A jornada turbulenta de 2022
2022 – Desafios durante o crescimento
- O ano começou próximo a $50.000 (≈ R$ 275.000) e depois recuou para cerca de $30.000 (≈ R$ 165.000).
- Os fundamentos permaneceram sólidos, a taxa de adoção continuou a subir e, ao final do ano, o preço estabilizou em um novo intervalo, indicando maturação gradual do mercado.
Conclusão
O Bitcoin evoluiu de um ativo digital quase sem valor para o nível atual de $93.923,26 (≈ R$ 516.579). Essa trajetória demonstra sua resiliência, capacidade de inovação e crescente adoção. A evolução dos preços reflete não apenas o desenvolvimento interno do Bitcoin, mas também a maturação do mercado global de criptomoedas.
Com a contínua iteração tecnológica, o Bitcoin ainda possui múltiplos potenciais — como reserva de valor, ferramenta de proteção contra a inflação ou parte de uma rede de pagamentos global. Seu impacto no sistema financeiro já é profundo e provavelmente irreversível.
Perguntas frequentes
Q: Qual era o preço do Bitcoin quando ele foi criado?
A: Em 2009 o Bitcoin não possuía valor de mercado.

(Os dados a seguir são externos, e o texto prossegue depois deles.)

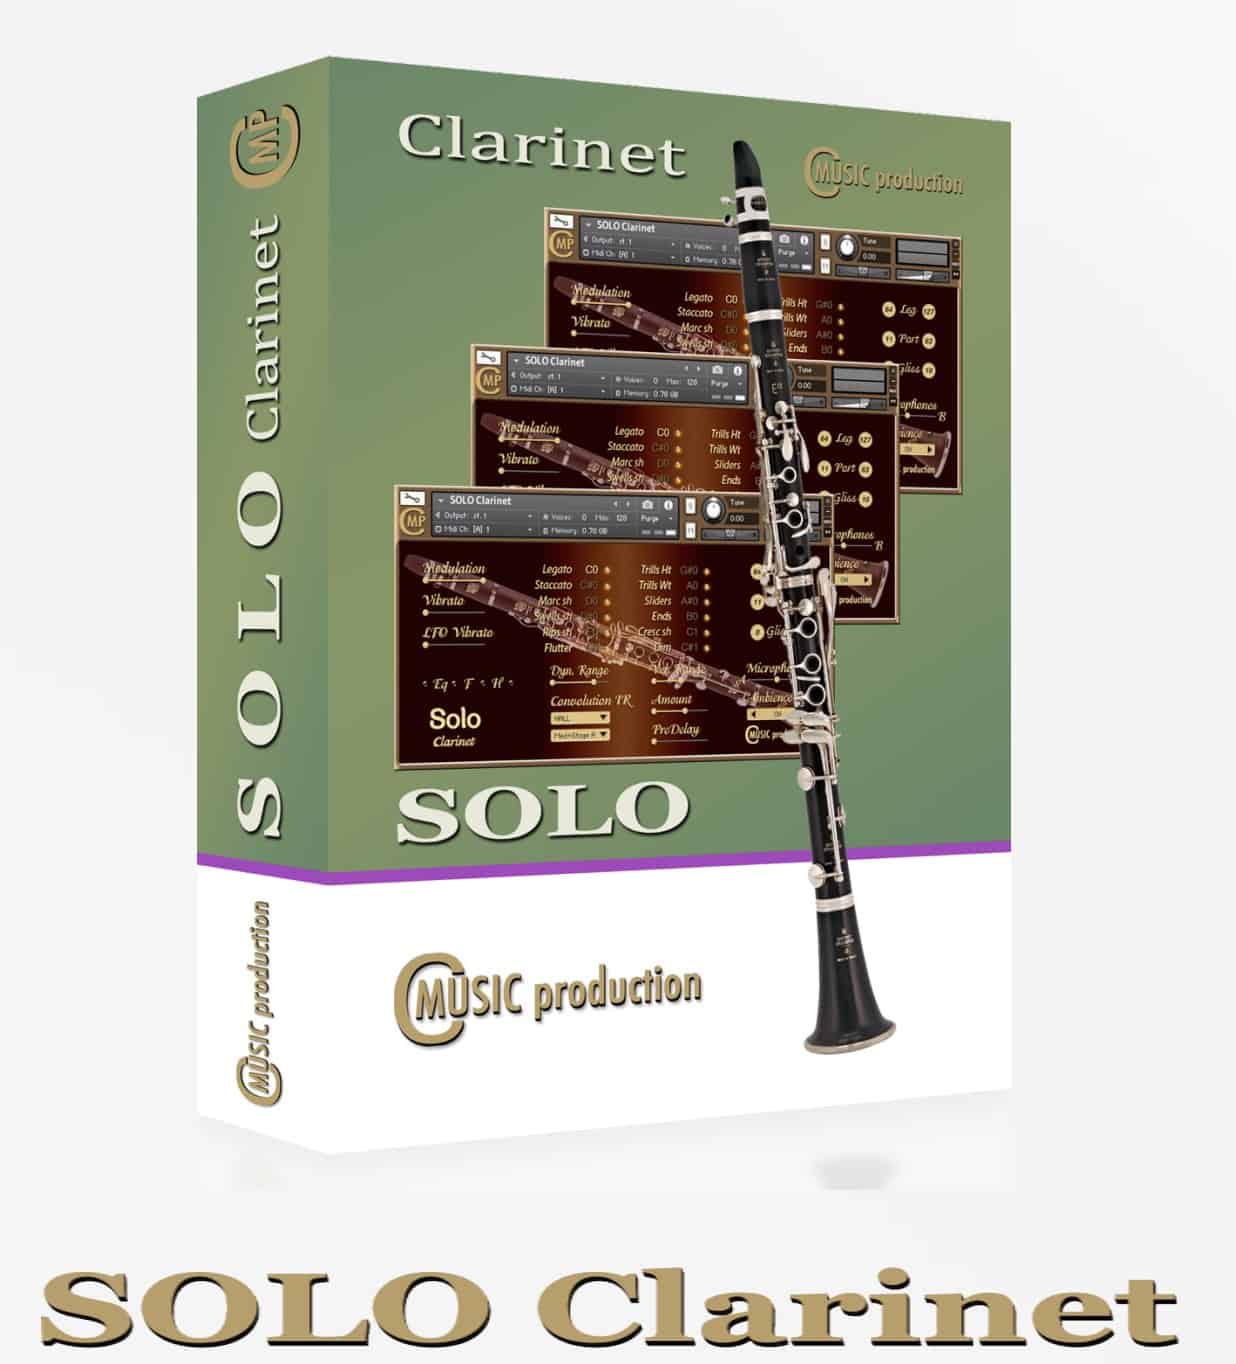 SOLO Clarinet by Cmusic Production

A primeira transação real foi de 10.000 BTC por duas pizzas, avaliadas em cerca de $25 (≈ R$ 138).
Q: Quando o Bitcoin ultrapassou US$ 1 pela primeira vez?
A: Em fevereiro de 2011, o preço do Bitcoin rompeu $1 (≈ R$ 5,5), marcando sua entrada em um panorama financeiro mais amplo.
Q: O que é o halving do Bitcoin e como ele afeta o preço?
A: O halving ocorre aproximadamente a cada quatro anos, reduzindo pela metade a recompensa de bloco dos mineradores. Isso diminui a velocidade de emissão de novas moedas e, geralmente, impacta a relação oferta‑demanda a longo prazo, podendo influenciar o preço.
Q: Por que o Bitcoin caiu drasticamente em 2018?
A: A queda de 2018 foi principalmente consequência da correção pós‑bull market de 2017, incertezas regulatórias e enfraquecimento do sentimento dos investidores.
Q: Como posso investir em Bitcoin hoje?
A: É possível comprar diretamente em exchanges regulamentadas (como Binance, OKX etc.) usando PIX, TED ou transferência em BRL. Avalie os riscos por conta própria e siga a legislação local.
Q: O Bitcoin é legal?
A: A legalidade varia por país. Na maioria das jurisdições, a compra e a posse de Bitcoin são permitidas, embora as políticas regulatórias sejam diferentes.
Q: Como o Bitcoin funciona como reserva de valor?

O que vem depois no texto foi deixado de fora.